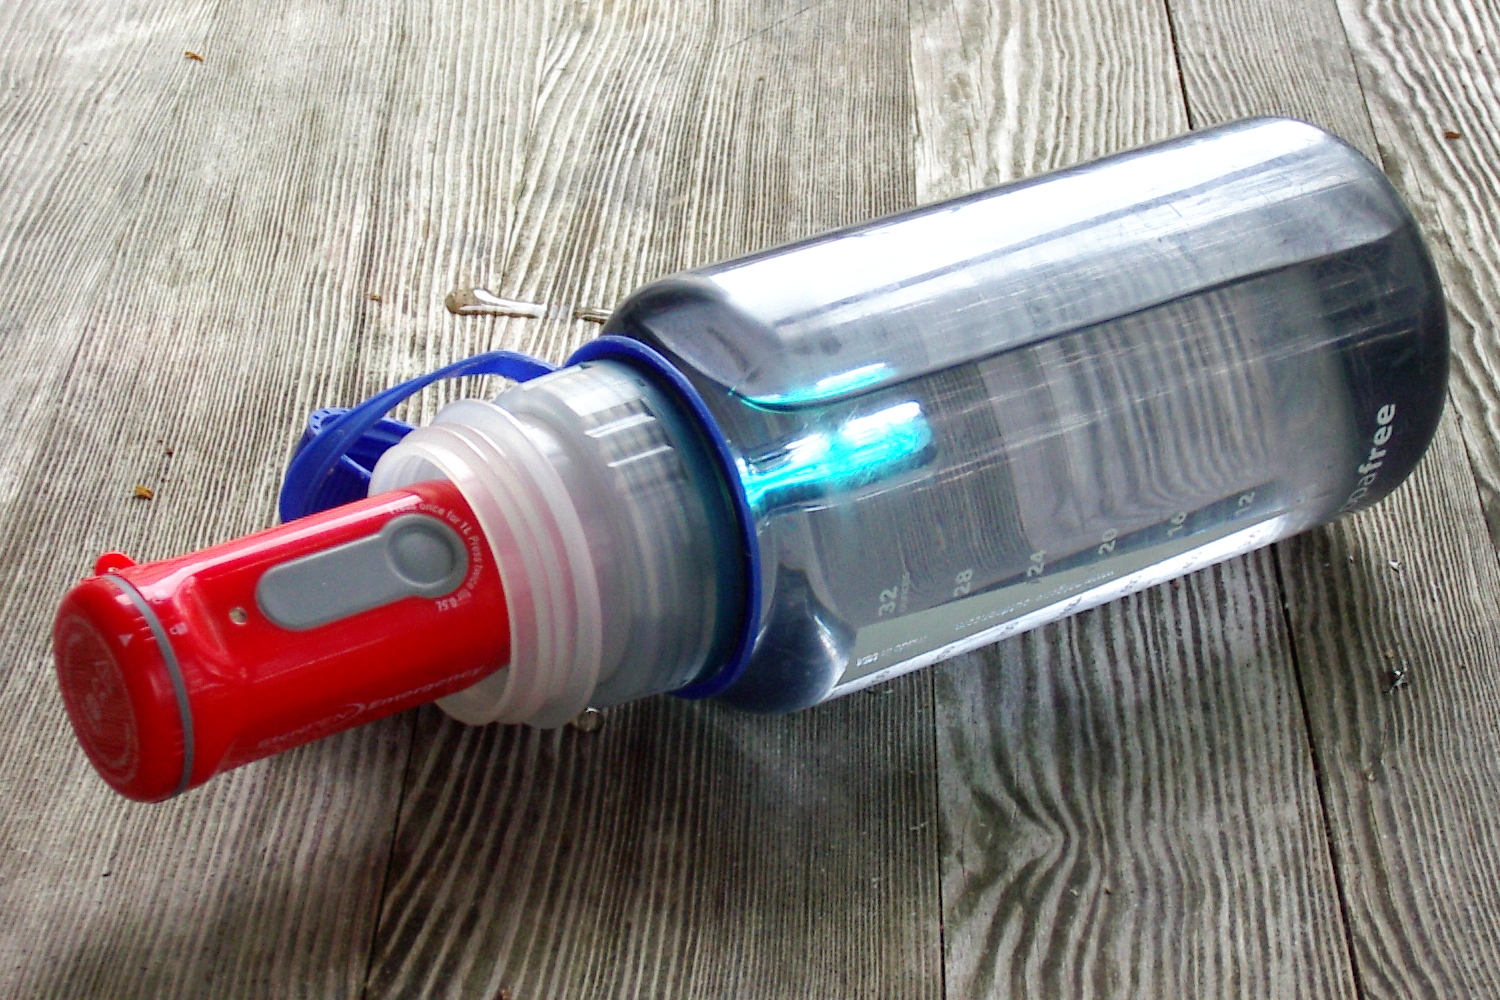 Operating Principles of a Portable Water Purifier
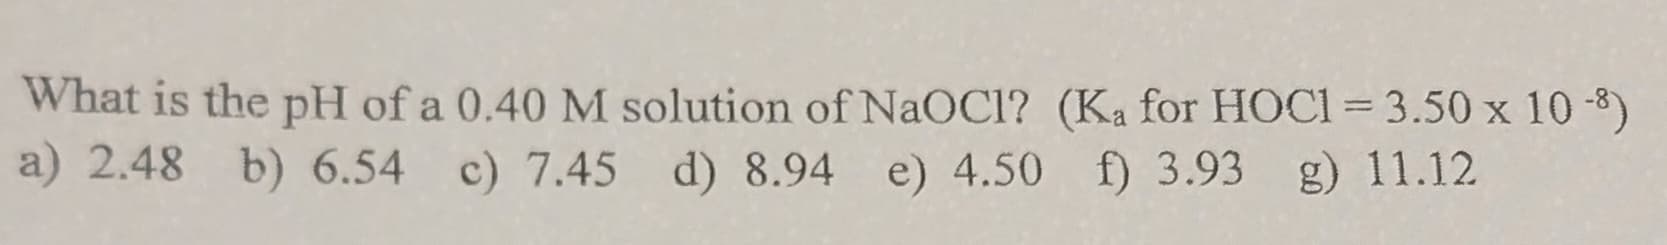 What is the pH of a 0.40 M solution of NaOCI? (Ka for HOC1 = 3.50 x 10 -8)
a) 2.48 b) 6.54 c) 7.45 d) 8.94 e) 4.50 f) 3.93 g) 11.12
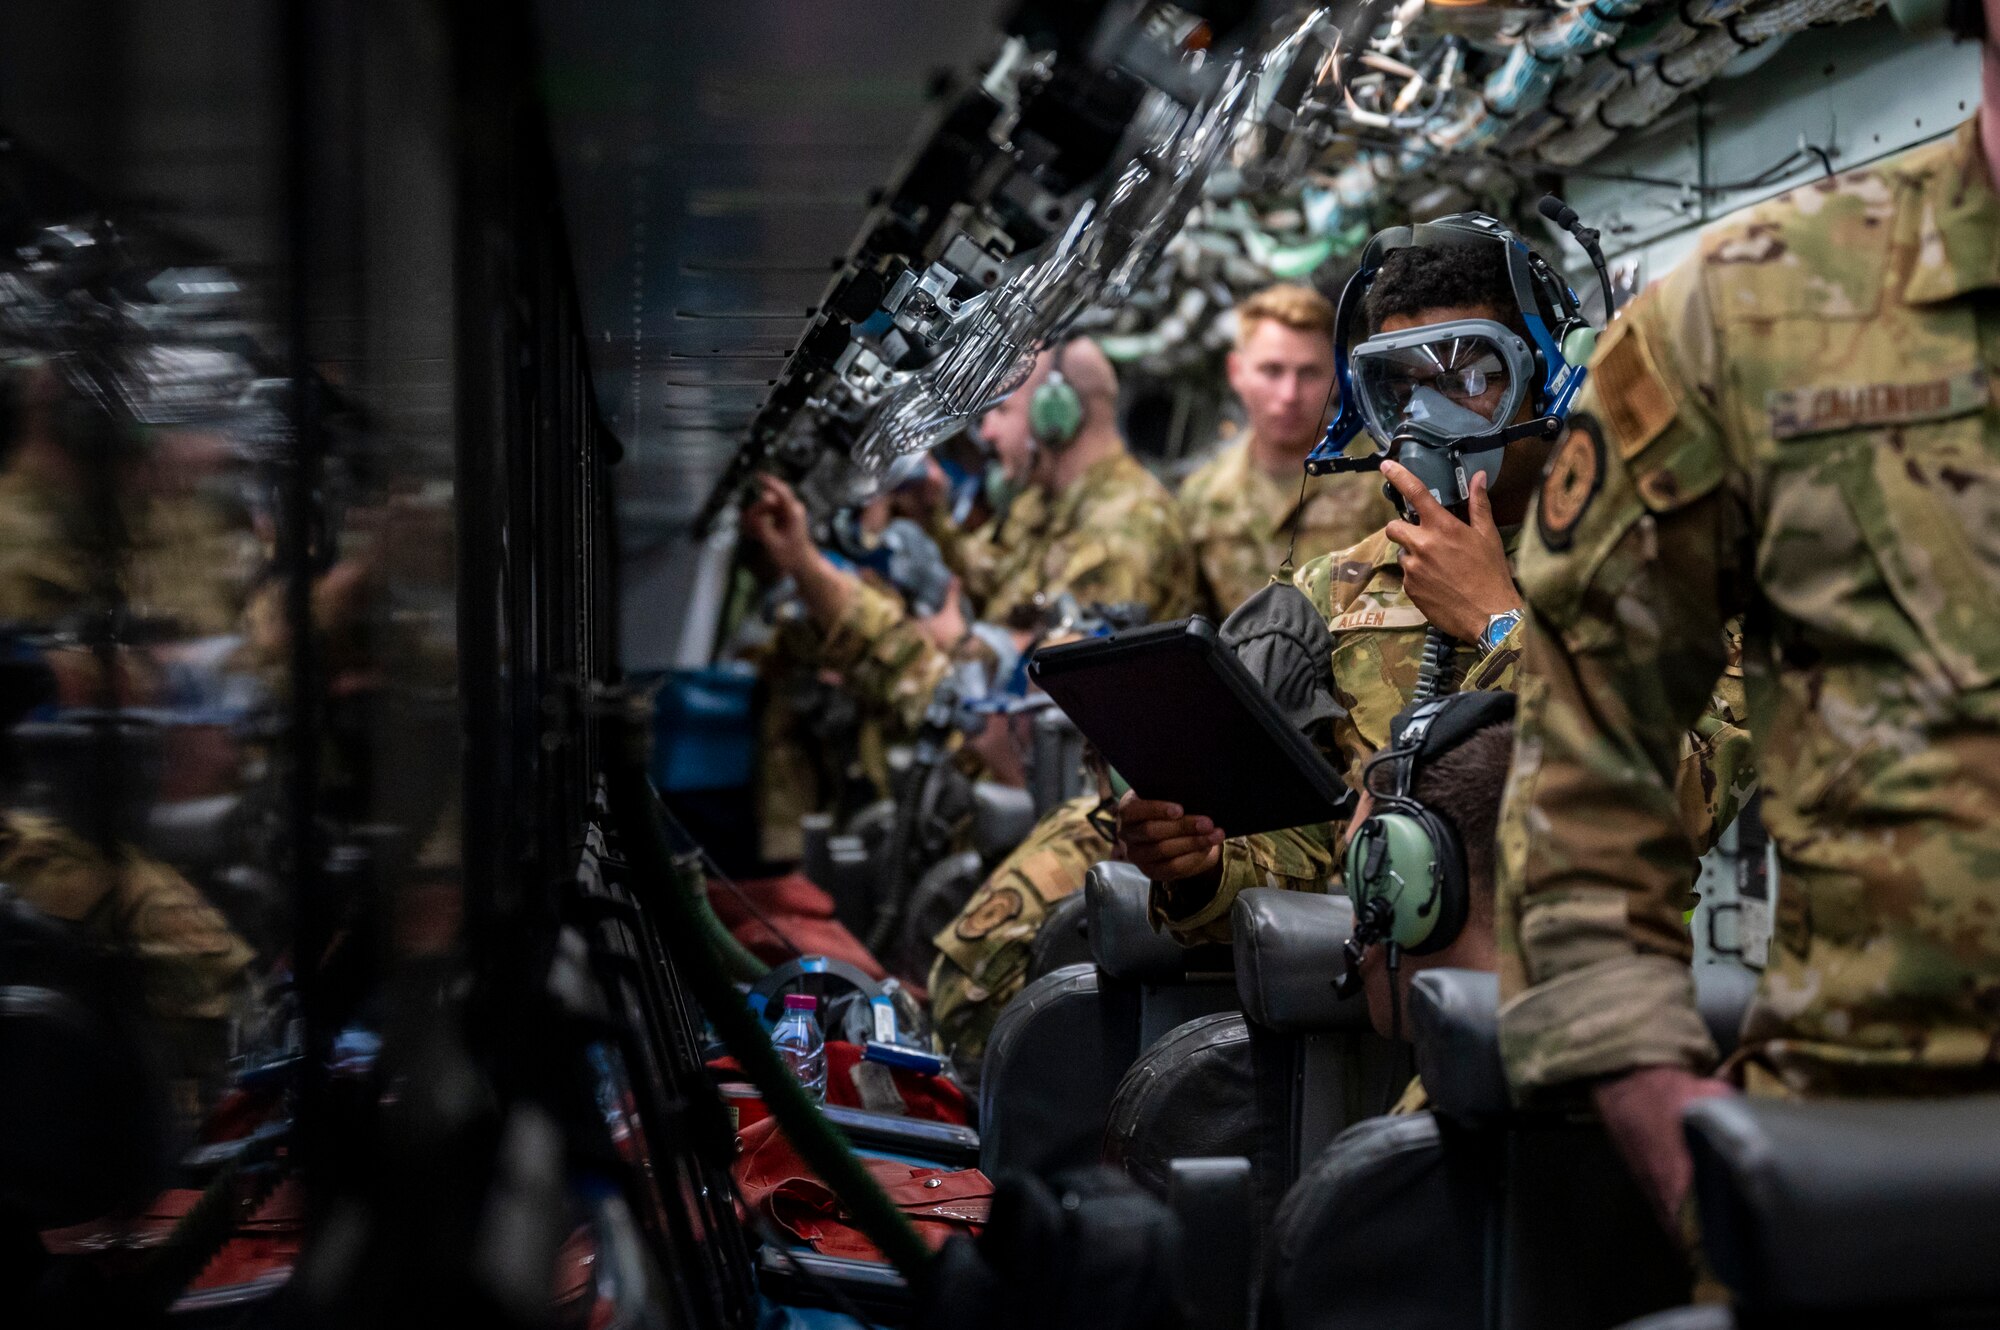 Service members in an aircraft

—————

▶ **What to work on**
Transcribe only the lines between the line containing "a) 2.48 b) 6.54" and the final line of the listing, inclusive, exactly as they appear; no pictures are to be included.

▶ **Your response**
a) 2.48 b) 6.54 c) 7.45 d) 8.94 e) 4.50 f) 3.93 g) 11.12
 Service members in an aircraft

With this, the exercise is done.